Re: [Python-Dev] Import redesign [LONG]

Dec. 6, 1999

      Greg Stein wrote:
...
On Sat, 4 Dec 1999, James C. Ahlstrom wrote:
...
# Process file here
This is the algorithm that Python uses today, and my standard Importers
follow.
Agreed.
...
...
And sys.path can contain class instances
which only makes things slower.
IMO, we don't know this, or whether it is significant.
Agreed.
...
...
You could do a readdir() and cache
the results, but maybe that would be slower.  A better
algorithm might be faster, but a lot more complicated.
Who knows. BUT: the import process is now in Python -- it makes it *much*
easier to run these experiments. We could not really do this when the
import process is "hard-coded" in C code.
Agreed.
...
...
In the context of archive files, it is also painful.  It prevents
you from saving a single dictionary of module names.  Instead you
must have len(sys.path) dictionaries.  You could try to
save in the archive information about whether (say) a foo.dll was
present in the file system, but the list of extensions is extensible.
I am not following this. What/where is the "single dictionary of module
names" ? Are you referring to a cache? Or is this about building an
archive?
An archive would look just like we have now: map a name to a module.

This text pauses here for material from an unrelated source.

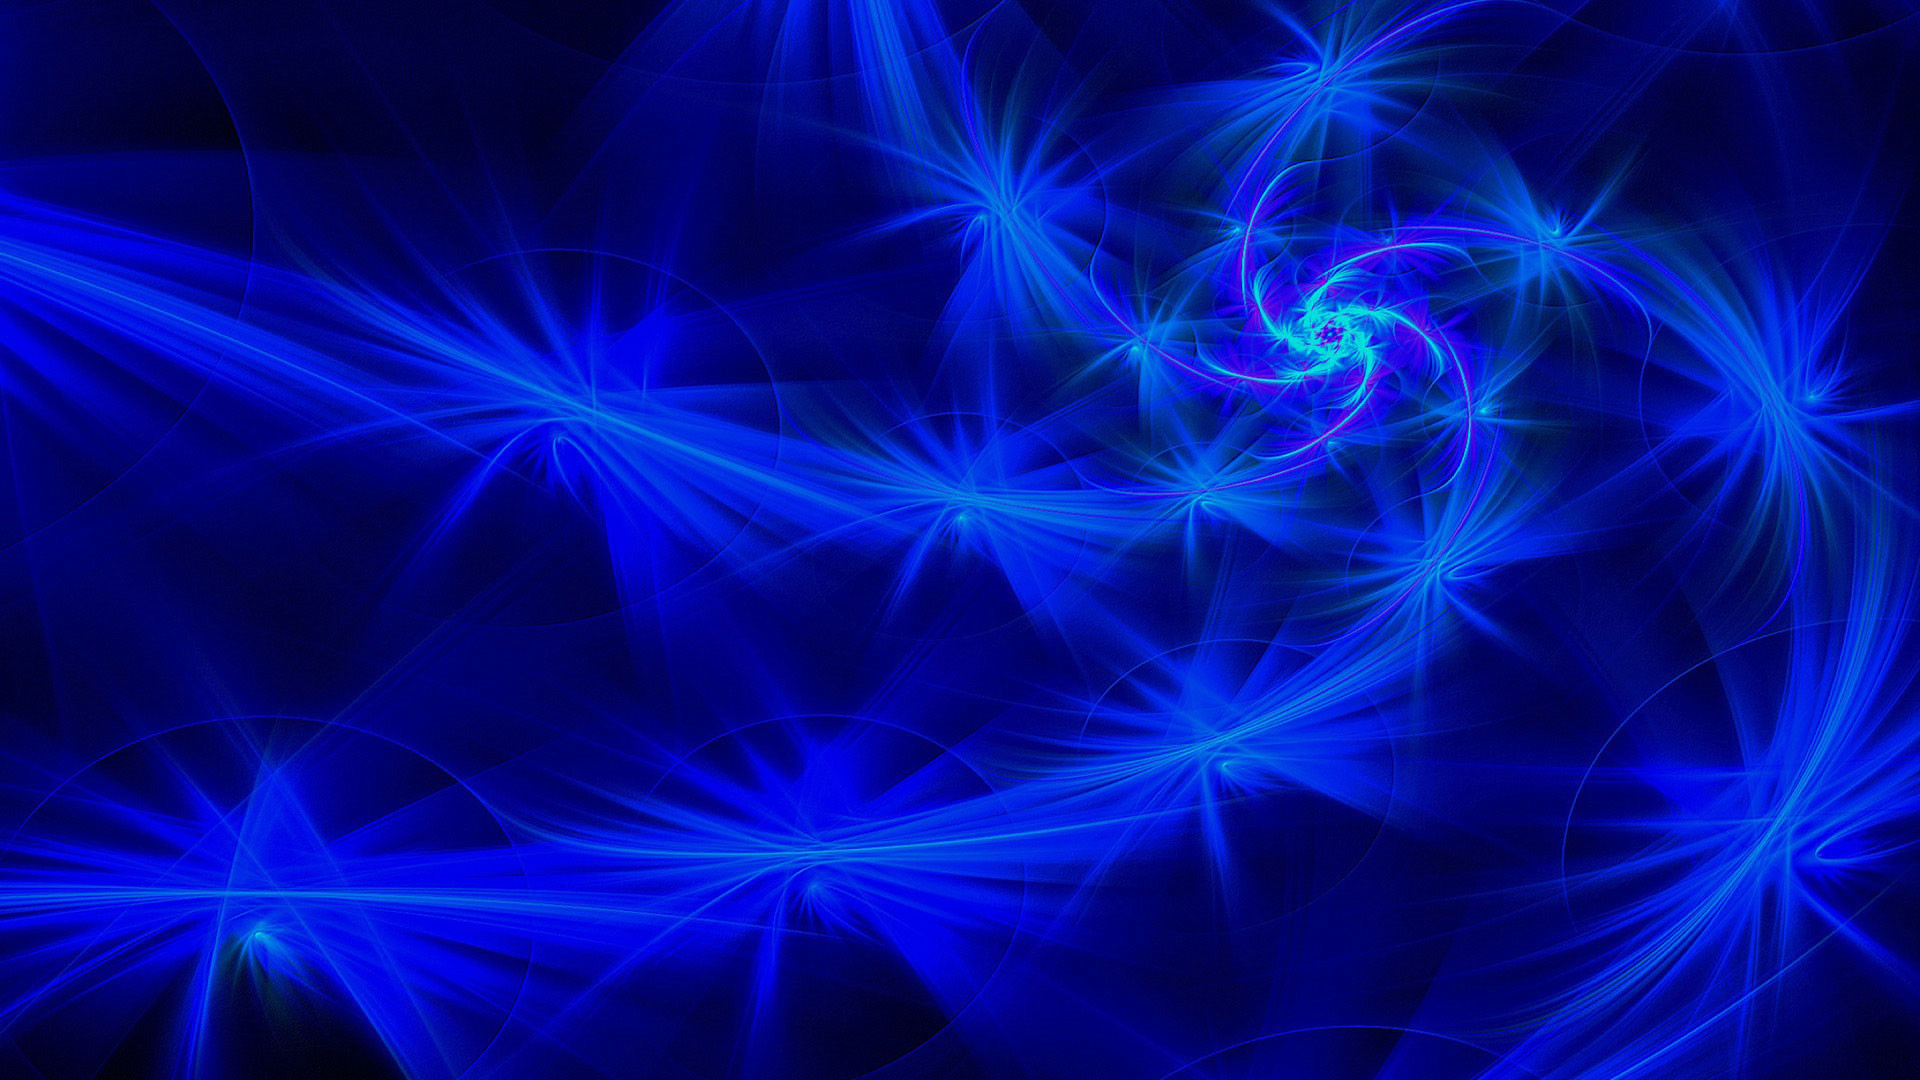 1920x1080 hd pics photos neon blue neon blue abstract desktop background wallpaper

It
would not need multiple dictionaries.
The "single dictionary of names" is in the single archive importer
instance and has nothing to do with creating the archive.  It
is currently programmed this way.

Suppose the user specifies by name 12 archive files to be searched.
That is, the user hacks site.py to add archive names to the importer.
The "single dictionary" means that the archive importer takes the 12
dictionaries in the 12 files and merges them together into one
dictionary
in order to speed up the search for a name.  The good news is you can
always just call the archive importer to get a module.  The bad news is
you can't do that for each entry on sys.path because there is no
necessary identity between archive files and sys.path.  The user
specified the archive files by name, and they may or may not be on
sys.path, and the user may or may not have specified them in the
same order as sys.path even if they are.

Suppose archive files must lie on sys.path and are processed in order.
Then to find them you must know their name.  But IMHO you want to
avoid doing a readdir() on each element of sys.path and looking for
files *.pyl.

Suppose archive file names in general are the known name "lib.pyl"
for the Python library, plus the names "package.pyl" where "package"
can be the name of a Python package as a single archive file.  Then
if the user tries to import foo, imputil will search along sys.path
looking for foo.pyc, foo.pyl, etc.  If it finds foo.pyl, the archive
importer will add it to its list of known archive files.  But it must
not add it to its single dictionary, because that would destroy the
information about its position along sys.path.  Instead, it must keep
a separate dictionary for each element of sys.path and search the
separate dictionaries under control of imputil.  That is, get_code()
needs a new argument for the element of sys.path being searched.
Alternatively, you could create a new importer instance for each
archive file found, but then you still have multiple dictionaries.
They are in the multiple instances.

All this is needed only to support import of identically named
modules.  If there are none, there is no problem because sys.path
is being used only to find modules, not to disambiguate them.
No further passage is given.